Edit: Try this - https://bbs.archlinux.org/viewtopic.php?pid=670876
The particular script you reference is useful when /var/lib/pacman/local is compromised. The link to Xyne's script is far more useful in this scenario. Neat.
edit: So, after looking at Xyne's script more closely, he's trying to do something similar to what the lost-db script does. Still not quite useful here. I've taken his idea and created the following snippet which compares the local DB's filelists to the filesystem. You can specify a tolerance and only return packages which are below this tolerance, e.g. a tolerance of 90 means only show packages where <=90% of the files are present.
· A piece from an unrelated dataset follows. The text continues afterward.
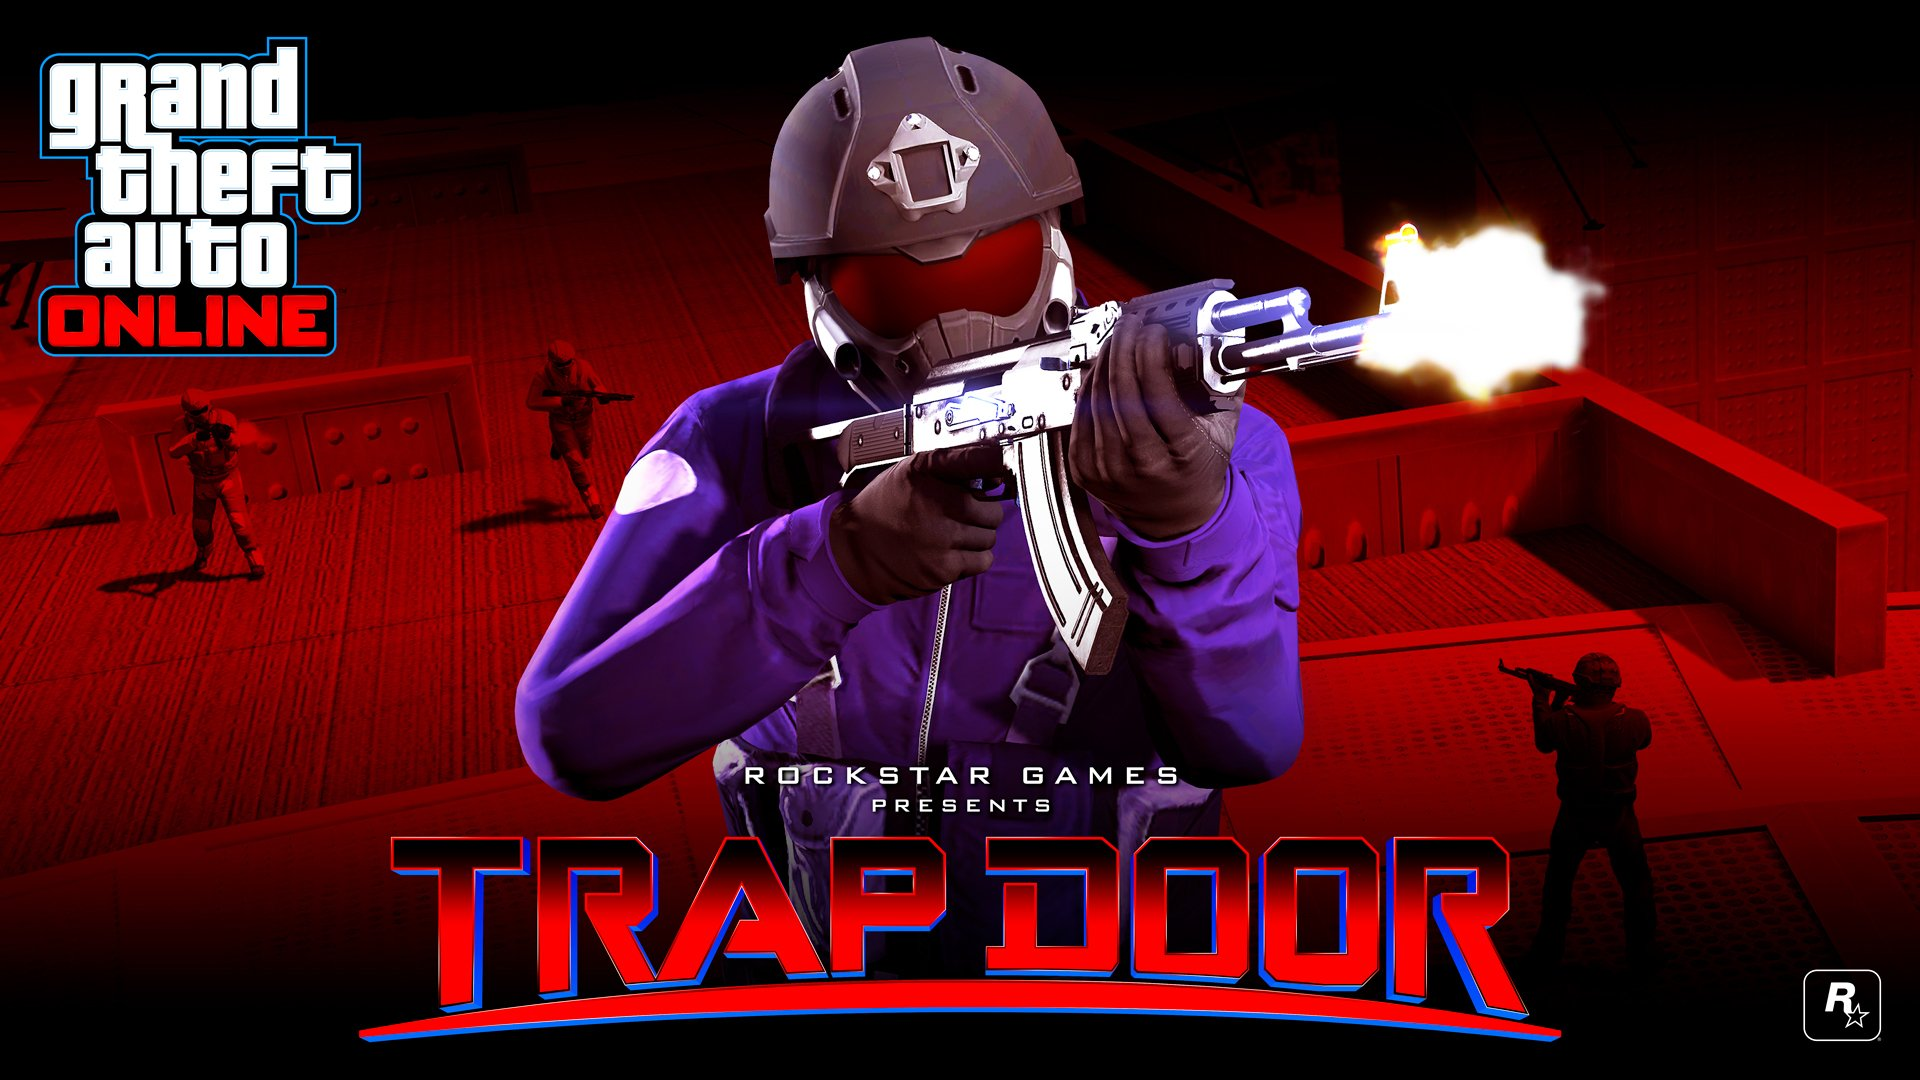 Rockstar  sc 1 st  AllGamers & Grand Theft Auto 5 adds battle royale mode Trap Door | AllGamers

You may get some false positives when this isn't run as root, but you can start with a tolerance of 100 and work your way down from there.
#!/bin/bash
declare curpkg= pkg= file=
declare -i tolerance=$1 filecount= hitcount=
summary() {
local ratio=
# boring
if (( hitcount == filecount )); then
return
fi
# under tolerance
ratio=$(( hitcount * 100 / filecount % 100 ))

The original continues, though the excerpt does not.